On Wed, 2004-06-30 at 21:41, Scott Marlowe wrote:
> On Wed, 2004-06-30 at 18:57, Christopher Cashell wrote:
> > Yesterday, while attempting to access a database, I received errors
> > saying that the database was innaccessible. After investigating a
> > little, I found the following in the PostgreSQL log files:
> >
> > 2004-06-30 08:30:19 [24119] LOG: checkpoint process (PID 28423) was
> > terminated by signal 11
>
> > Eventually I attempted to shut it down and restart it, however that
> > failed too.

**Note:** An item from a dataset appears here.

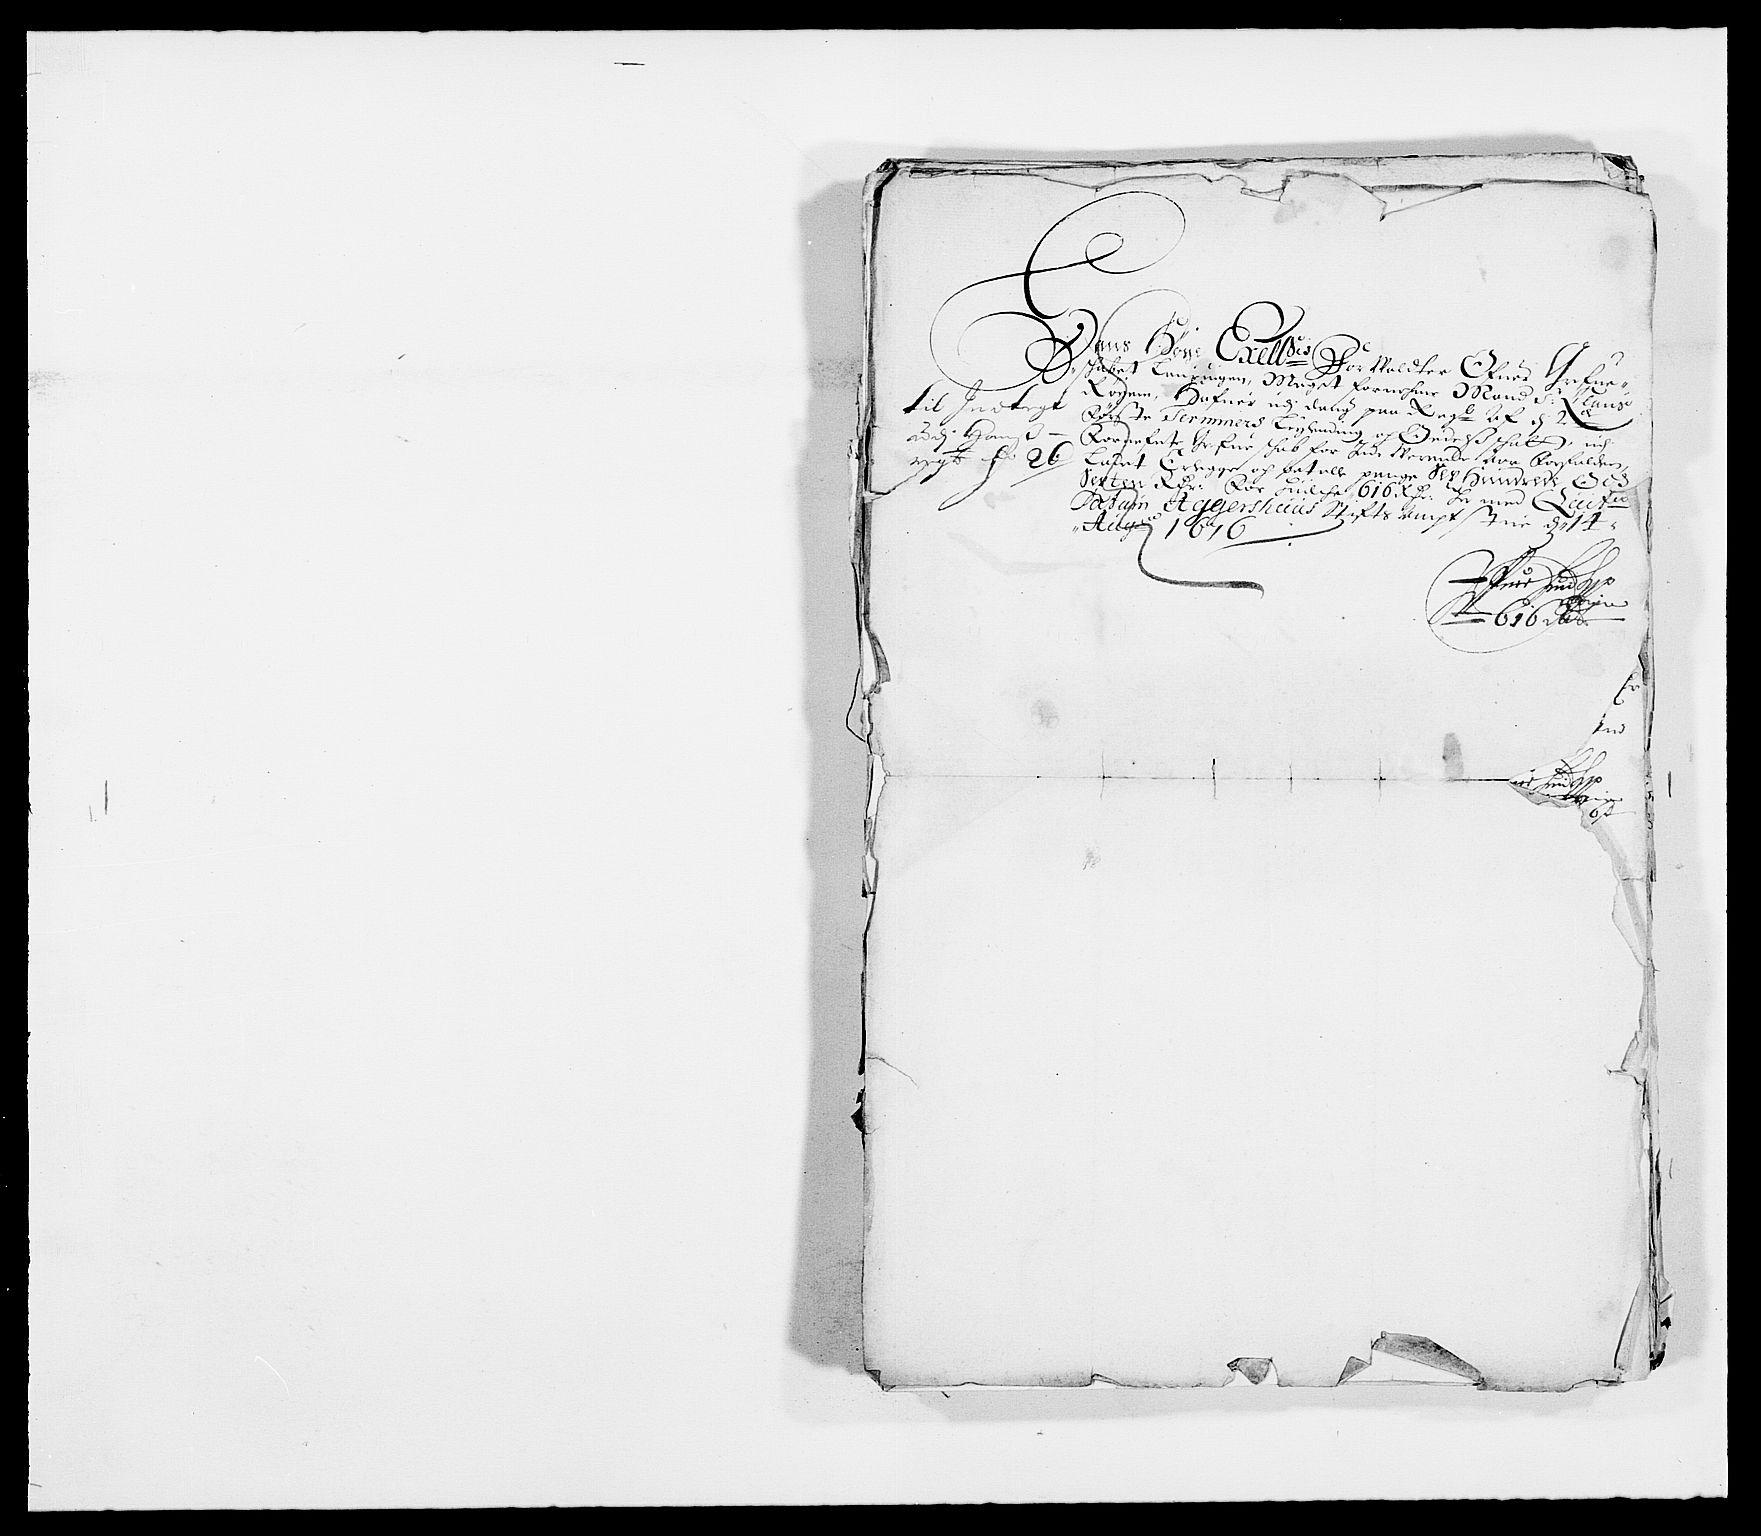 RA, Rentekammeret inntil 1814, Reviderte regnskaper, Fogderegnskap, R33/L1970: Fogderegnskap Larvik grevskap, 1675-1687, s. 403

When I attempted to shut it down, I discovered a hung
> > 'startup subprocess' that can't be killed.
> >
> > nexus:~# ps aux | grep postgres
> > postgres 28424 0.0 1.5 16804 3044 pts/313 D 08:35 0:06 postgres:
> > startup subprocess
> > nexus:~# kill -9 28424
> > nexus:~# ps aux | grep postgres
> > postgres 28424 0.0 1.5 16804 3044 pts/313 D 08:35 0:06 postgres:
> > startup subprocess
> > nexus:~#
>
> The combination of a Sig 11 failure and a process stuck in a D state
> makes me lean towards thinking it's bad hardware (CPU or memory). Have
> you tested this machine?
Oh, and a possibly buggy kernel or kernel module somewhere as well.
Didn't mean to not say it, and have had problems with some kernels under
heavy parallel loads doing stupid things that look just like this.